Mountain Man - Notable Figures

Notable Figures

  • George Drouillard (1774/75?–1810). Hunter, interpreter, sign-talker on the Lewis and Clark Expedition. Often considered as one of Lewis' two most appreciated members with John Colter. Born to a French Canadian and Shawnee mother in Detroit, Drouillard proved to be the most skillful hunter on the expedition, notably during the harsh wintering in Fort Clatsop. He eventually went on trapping in today's Wyoming and Montana after the expedition, working for Manuel Lisa Missouri Fur Company he had signed on with in 1807. Often venturing out alone like John Colter, notably to the headwaters of the Big Horn River from the Yellowstone and around the Three Forks of the Missouri, George Drouillard was savagely killed in May 1810 by Blackfeet Indians in the Three Forks area.
  • Jim Beckwourth (1800–1866) born into slavery, came to Missouri with his parents and was freed by his father. He started working with the Ashley expedition, signed on with the Rocky Mountain Fur Company, and became a well-known mountain man. He lived with the Crow for years and became a war chief. He was the only African American in the West to have his life story published (1856). He was credited with the discovery of Beckwourth Pass in the Sierra Nevada in 1850, and improved a Native American path to create what became known as the Beckwourth Trail through the mountains to Marysville, California.
  • Jim Bridger (1804–1881) came west in 1822 at the age of 17, as a member of Ashley's Hundred exploring the Upper Missouri drainage. He was among the first non-natives to see the geysers and other natural wonders of the Yellowstone region. He is also considered one of the first men of European descent, along with Étienne Provost, to see the Great Salt Lake. Because of its salinity, he first believed it to be an arm of the Pacific Ocean. In 1830, Bridger purchased shares in the Rocky Mountain Fur Company. He established Fort Bridger in southwestern Wyoming.
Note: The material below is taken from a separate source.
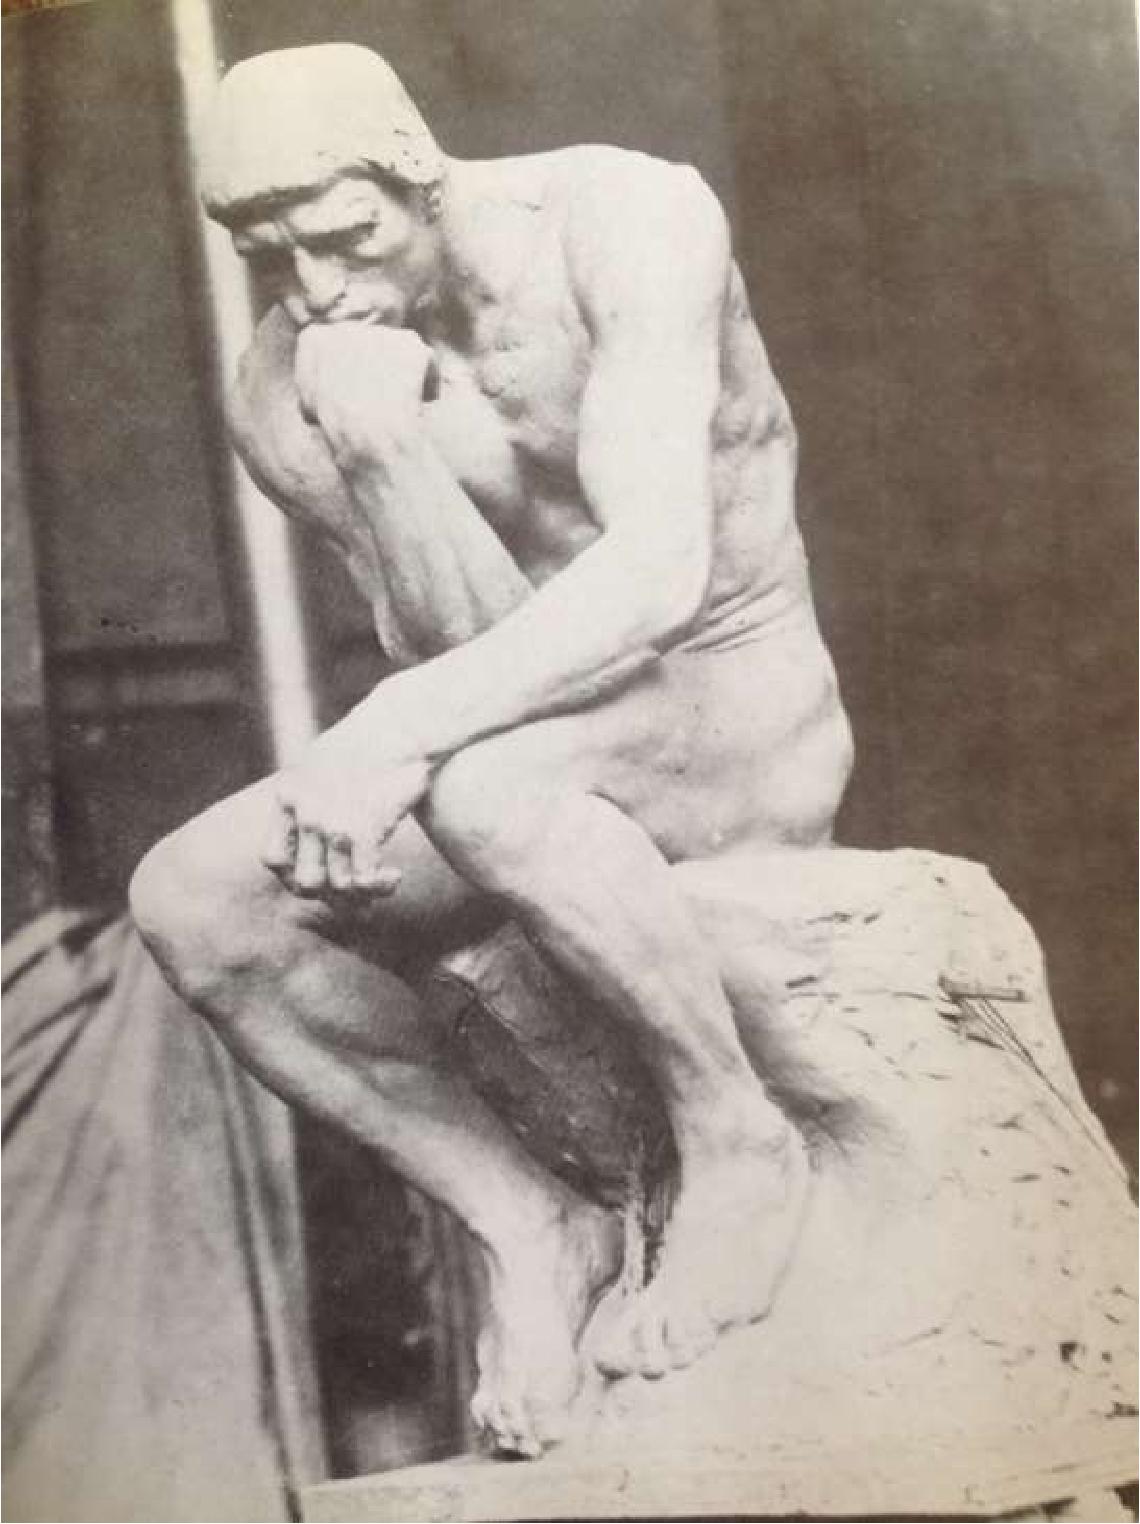 figure 2.78

He was also well known as a teller of tall tales.
  • John Colter (1774–1812), one of the first mountain men, was a member of the Lewis and Clark Expedition. He later became the first European man to enter Yellowstone National Park, and to see what is now Jackson Hole and the Teton Mountain Range. His description of the geothermal activity there seemed so outrageous to some that the area was mockingly referred to as Colter's Hell. Colter's narrow escape following capture by Blackfeet, leaving him naked and alone in the wilderness, became a legend known as "Colter's Run".
  • Kit Carson (1809–1868) achieved notability for his later exploits, but he got his start and gained some recognition as a trapper. Carson explored the west to California, and north through the Rocky Mountains. He lived among and married into the Arapaho and Cheyenne tribes. He was hired by John C. Fremont as a guide, and led 'the Pathfinder' through much of California, Oregon and the Great Basin area. He achieved national fame through Fremont. Stories of his life as a mountain man turned him into a frontier hero-figure: the prototypical mountain man of his time.
  • John "Liver-Eating" Johnson (1824–1900) was one of the more notable latter-day mountain men. Johnson worked in Wyoming and Montana, trapping for beaver, buffalo and wolf hides. Unaffiliated with a company, Johnson bargained independently to get prices for his hides. Elements of his story were portrayed in the film Jeremiah Johnson. Dennis McLelland wrote a biography about him.
  • Joseph Lafayette "Joe" Meek (1810–1875) was a trapper, law enforcement official, and politician in the Oregon Country and later Oregon Territory of the United States. A pioneer involved in the fur trade before settling in the Tualatin Valley, Meek would play a prominent role at the Champoeg Meetings of 1843 where he was elected as a sheriff. Later he served in the Provisional Legislature of Oregon before being selected as the United States Marshal for the Oregon Territory.
  • Jedediah Smith (1799 - circa 1831) was a hunter, trapper, and fur trader whose explorations were significant in opening the American West to settlement by Europeans and Americans. Smith is considered the first man of European descent to cross the future state of Nevada; the first to traverse Utah from north to south and from west to east; and the first American to enter California by an overland route. He was also first to scale the High Sierra and explore the area from San Diego to the banks of the Columbia River. He was a successful businessman and a full partner in the Rocky Mountain Fur Company after the departure of Ashley. Smith had notable facial scarring from a grizzly bear attack.